The essays, divided into various sections, discuss what the author calls the “triple transition (economic, political and social)” — a huge, complex and “expectedly a messy” undertaking that India is going through. It is the economic transition that is the most significant. And, as the author says, the first decade of this century has seen global attention turn to India, “thankfully largely for positive reasons.” So the canvas of the book is vast and the subject topical.

Lack of context

But the problem with Many Futures of India lies is the fact that even within one section, subjects covered are unrelated. Take the last section, ‘‘South Asia: India's Role'', as an example. The section has three essays, the first on India taking the initiative in “ensuring a stable, peaceful and prosperous South Asia.”

The second essay in this section talks of the Nepal Prime Minister's “appearances and utterances in Delhi over the last two days” being a study in contrast. And the last essay talks of July's Indo-Pakistani joint statement. These three essays are significant in themselves and do make a point or two on the role that India can play in the region, but the lack of context will be a big negative for an average reader.

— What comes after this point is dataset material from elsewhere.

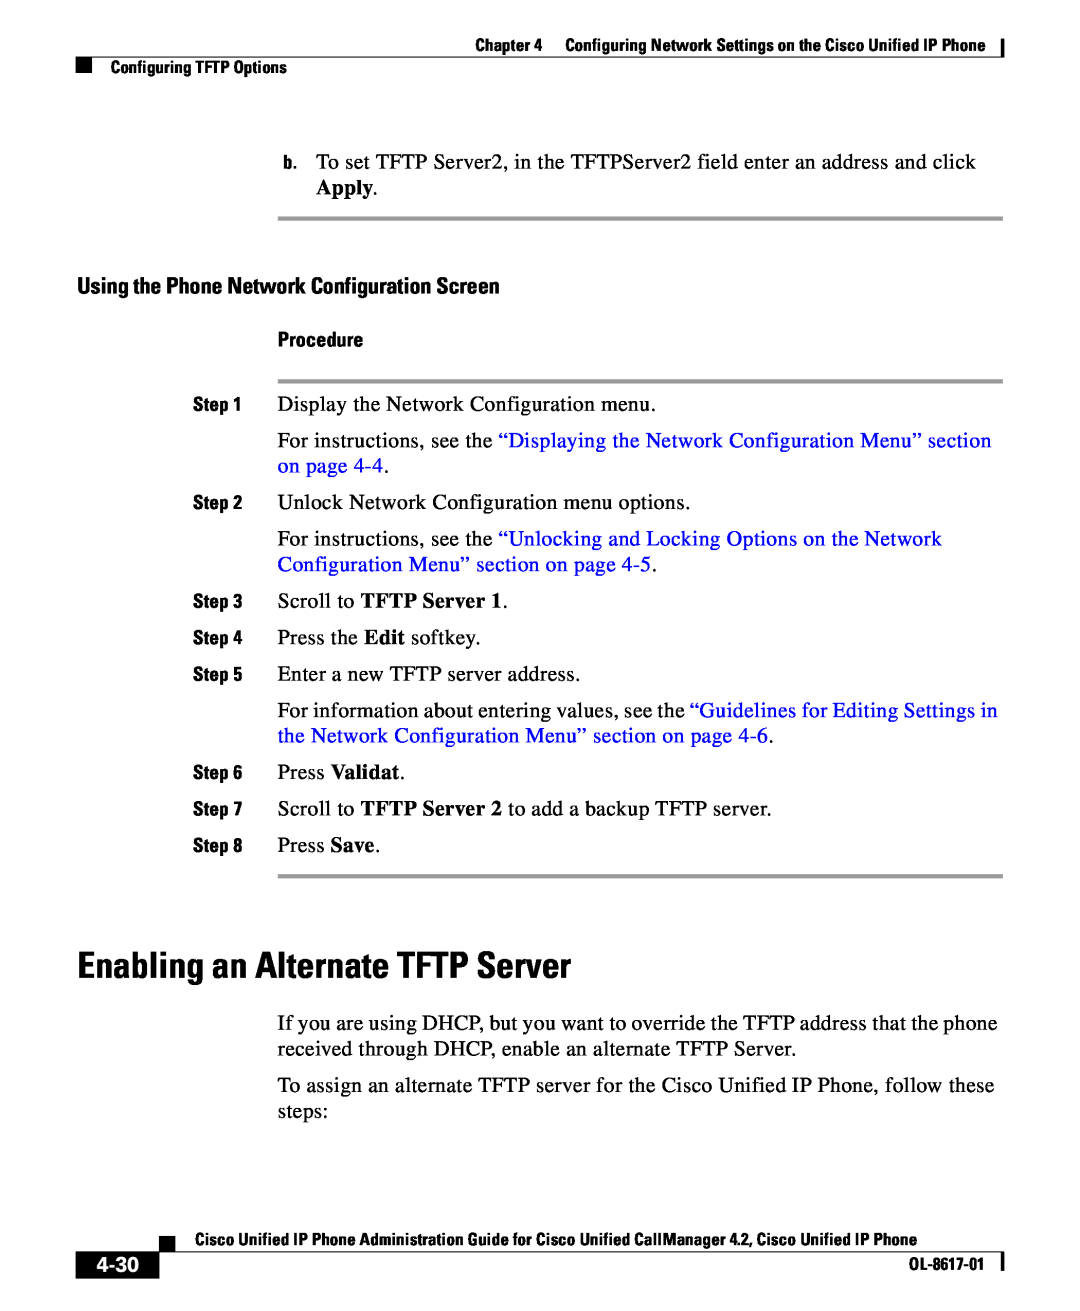 Cisco Systems 4.2 manual Enabling an Alternate TFTP Server, Scroll to TFTP Server, 4-30, Procedure

Though such a problem is bound to crop up if topical and timely columns in newspapers are compiled into a book, it should have been addressed. The section on “India and Global Governance” is perhaps the best part of the book as it cogently talks of the G-20 and the second G-20 summit held in London. It also provides an in-depth account of two international conferences (held in Kiel, Germany and Delhi) which focused on the issues on the agenda for the 2009 G-20 summit. The author participated in both these conferences; his comments are, therefore, both insightful and informative.

Lessons on agriculture

Another section that is interesting is the one on reforms that are still needed because it draws interesting examples from the rest of the world and the lessons that India can perhaps learn from countries such as Korea and Argentina. The essay on Argentina talks about that country's agriculture, which is highly modernised and profitable, thanks to the latest practices adopted by the farmers“These examples should be of immediate and direct interest to India,” says the author, adding, “Yet my apprehension is that none of these relevant global practices will find their way into Indian agriculture as long as the government has the exclusive mandate for modernising the sector.”

There are some other essays that are are equally insightful. For instance, the one on the three critical reform priorities at the time of the United Progressive Alliance coming to power — of sustaining high economic growth of not less than 8 per cent, improving the delivery of public goods and services and rejuvenating Indian agriculture — are issues that continue to be important even today.